The Company is reiterating its financial guidance for 2024, which was initially provided on January 17, 2024. For the full year 2024, the Company expects:

  • Total revenue of $915 million to $985 million, representing growth of 10% to 19% over 2023 total revenue primarily driven by increases in royalty revenue, collaboration revenue and growth in product sales from XYOSTED®. Revenue from royalties of $500 million to $525 million, representing growth of 12% to 17% over 2023.
  • Adjusted EBITDA of $535 million to $585 million, representing growth of 26% to 37% over 2023.
  • Non-GAAP diluted earnings per share of $3.55 to $3.90, representing growth of 28% to 41% over 2023.1 The Company's earnings per share guidance does not consider the impact of potential future share repurchases.

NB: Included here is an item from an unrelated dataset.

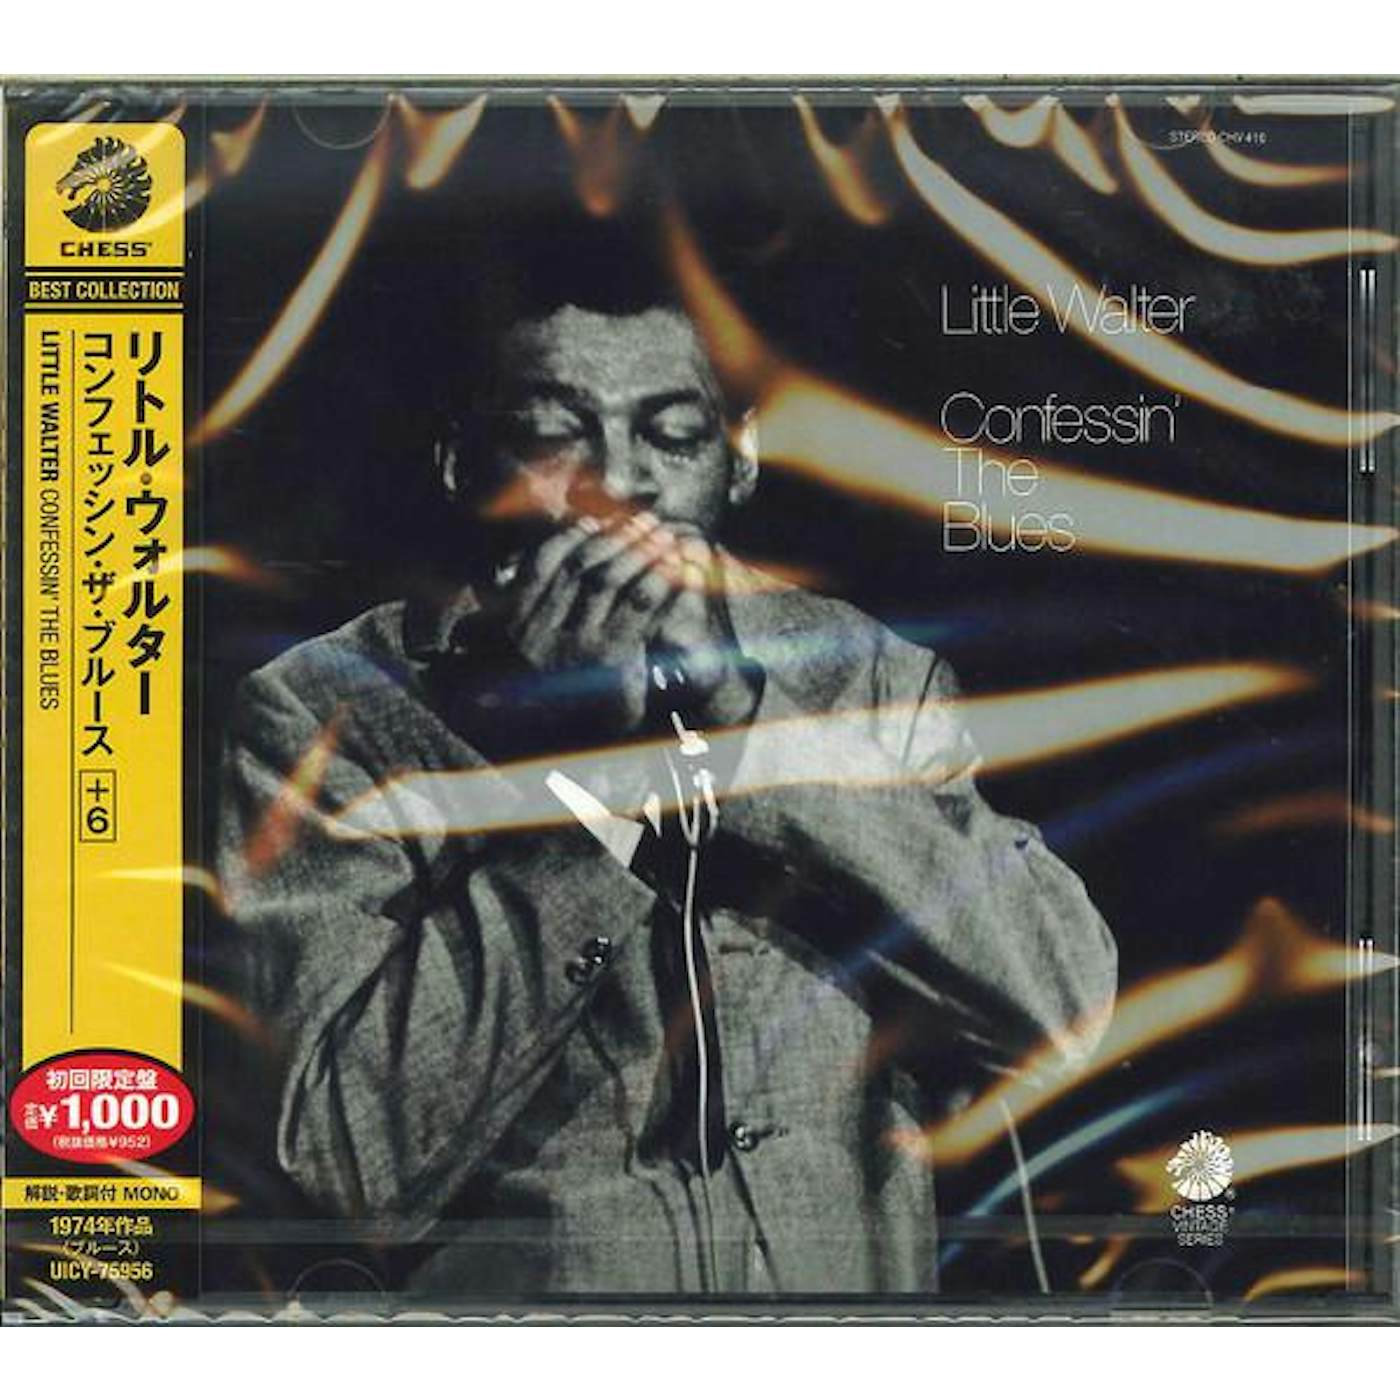 Little Walter CONFESSIN' THE BLUES (LIMITED) CD

Table 1. 2024 Financial Guidance

Guidance Range

Total Revenue

$915 to $985 million

Royalty Revenue

$500 to $525 million

Adjusted EBITDA

$535 to $585 million

Non-GAAP Diluted EPS

$3.55 to $3.90

Webcast and Conference Call

Halozyme will host its Quarterly Update Conference Call for the first quarter ended March 31, 2024 today, Tuesday, May 7, 2024 at 1:30 p.m. PT/4:30 p.m. ET. The conference call may be accessed live with pre-registration via link: https://registrations.events/direct/Q4I871907. The call will also be webcast live through the "Investors" section of Halozyme's corporate website and a recording will be made available following the close of the call. To access the webcast and additional documents related to the call, please visit Halozyme.com.

About Halozyme

Halozyme is a biopharmaceutical company advancing disruptive solutions to improve patient experiences and outcomes for emerging and established therapies. As the innovators of ENHANZE® drug delivery technology with the proprietary enzyme rHuPH20, Halozyme's commercially-validated solution is used to facilitate the subcutaneous delivery of injected drugs and fluids, with the goal of reducing treatment burden for patients. Having touched more than 800,000 patient lives in post-marketing use in seven commercialized products across more than 100 global markets, Halozyme has licensed its ENHANZE® technology to leading pharmaceutical and biotechnology companies including Roche, Takeda, Pfizer, Janssen, AbbVie, Eli Lilly, Bristol-Myers Squibb, argenx, ViiV Healthcare, Chugai Pharmaceutical and Acumen Pharmaceuticals.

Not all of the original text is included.